The biggest UN aid agency in Gaza on Tuesday condemned the two-month Israeli blockade that has left families eating barely enough to survive amid daily bombings – and the sick and injured without lifesaving medical help.

“The siege on Gaza is the silent killer of children, of older people,” said Juliette Touma, spokesperson for the UN agency for Palestine refugees, UNRWA.

“Families – whole families, seven or eight people – are resorting to sharing one can of beans or peas,” she told journalists in Geneva. “Imagine not having anything to feed your children.
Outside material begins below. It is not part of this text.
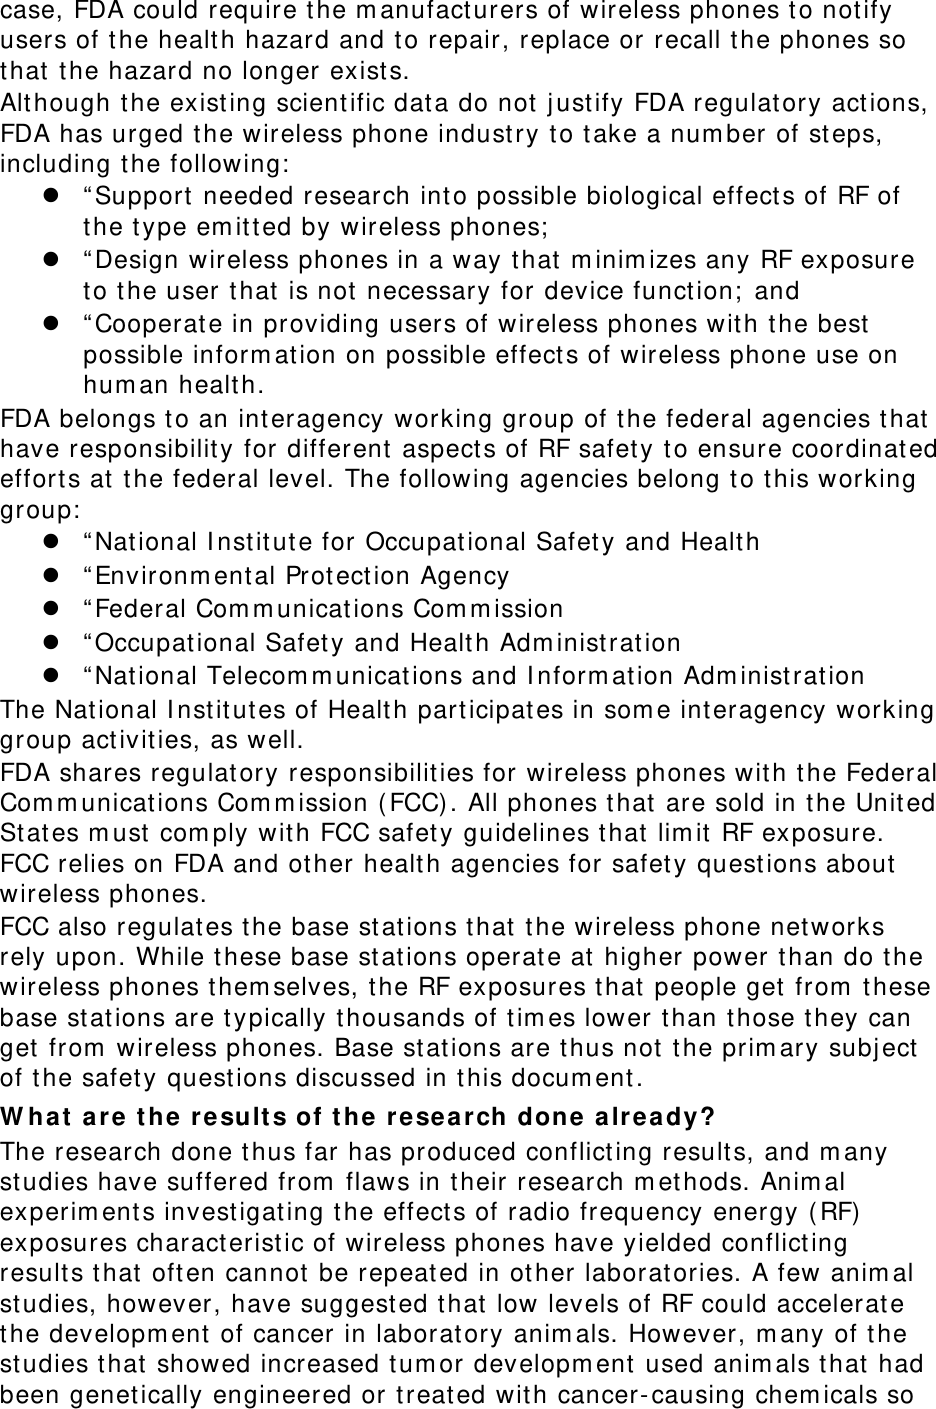 case, FDA could require the m anufact urers of wireless phones to notify users of the health hazard and to repair, replace or recall t he phones so that t he hazard no longer exist s. Alt hough the existing scientific dat a do not j ust ify FDA regulat ory act ions, FDA has urged t he wireless phone indust ry to t ake a num ber of st eps, including t he following:  z “ Support  needed research into possible biological effect s of RF of the type em itted by wireless phones;  z “ Design wireless phones in a way that m inim izes any RF exposure to the user t hat  is not necessary for device function;  and z “ Cooperate in providing users of wireless phones with t he best  possible inform ation on possible effect s of wireless phone use on hum an healt h. FDA belongs to an int eragency working group of t he federal agencies that have responsibilit y for different  aspects of RF safety to ensure coordinated efforts at the federal level. The following agencies belong to t his working group:  z “ National I nst itut e for Occupational Safety and Health z “ Environm ent al Protect ion Agency z “ Federal Com m unicat ions Com m ission z “ Occupat ional Safet y and Health Adm inistrat ion z “ National Telecom m unications and I nform ation Adm inist rat ion The National I nst itut es of Health part icipat es in som e int eragency working group act ivities, as well. FDA shares regulat ory responsibilities for wireless phones with t he Federal Com m unications Com m ission ( FCC). All phones t hat  are sold in t he United St ates m ust com ply with FCC safet y guidelines that lim it RF exposure. FCC relies on FDA and other health agencies for safet y quest ions about  wireless phones. FCC also regulat es the base stat ions t hat t he wireless phone networks rely upon. While t hese base st at ions operat e at  higher power t han do the wireless phones them selves, t he RF exposures that people get  from  t hese base stat ions are typically thousands of tim es lower than those t hey can get  from  wireless phones. Base st ations are thus not  the prim ary subj ect  of t he safet y quest ions discussed in this docum ent. W hat  are  t he r esult s of t he r esear ch done a lr eady? The research done thus far has produced conflict ing result s, and m any studies have suffered from  flaws in t heir research m et hods. Anim al experim ents invest igat ing t he effect s of radio frequency energy ( RF)  exposures charact eristic of wireless phones have yielded conflict ing results t hat often cannot be repeat ed in other laboratories. A few anim al studies, however, have suggest ed t hat low levels of RF could accelerate the developm ent of cancer in laboratory anim als. However, m any of t he studies t hat showed increased t um or developm ent used anim als t hat had been genet ically engineered or t reat ed wit h cancer- causing chem icals so

Children in Gaza are going to bed starving.

Today, thousands of trucks carrying relief supplies continue to be denied entry to Gaza. “We have just over 5,000 trucks in several parts of the region with lifesaving supplies that are ready to come in,” Ms. Touma continued.

“This decision is crippling the humanitarian efforts…and threatening the lives and survival of civilians in Gaza, who are also going through heavy bombardment day in, day out.”

Rafah levelled

Destruction to the southern city of Rafah has left it “obliterated”, UNRWA said. Formerly the largest entry point for aid into the enclave via Egypt, aerial videos purportedly of Rafah show buildings levelled as far as the eye can see.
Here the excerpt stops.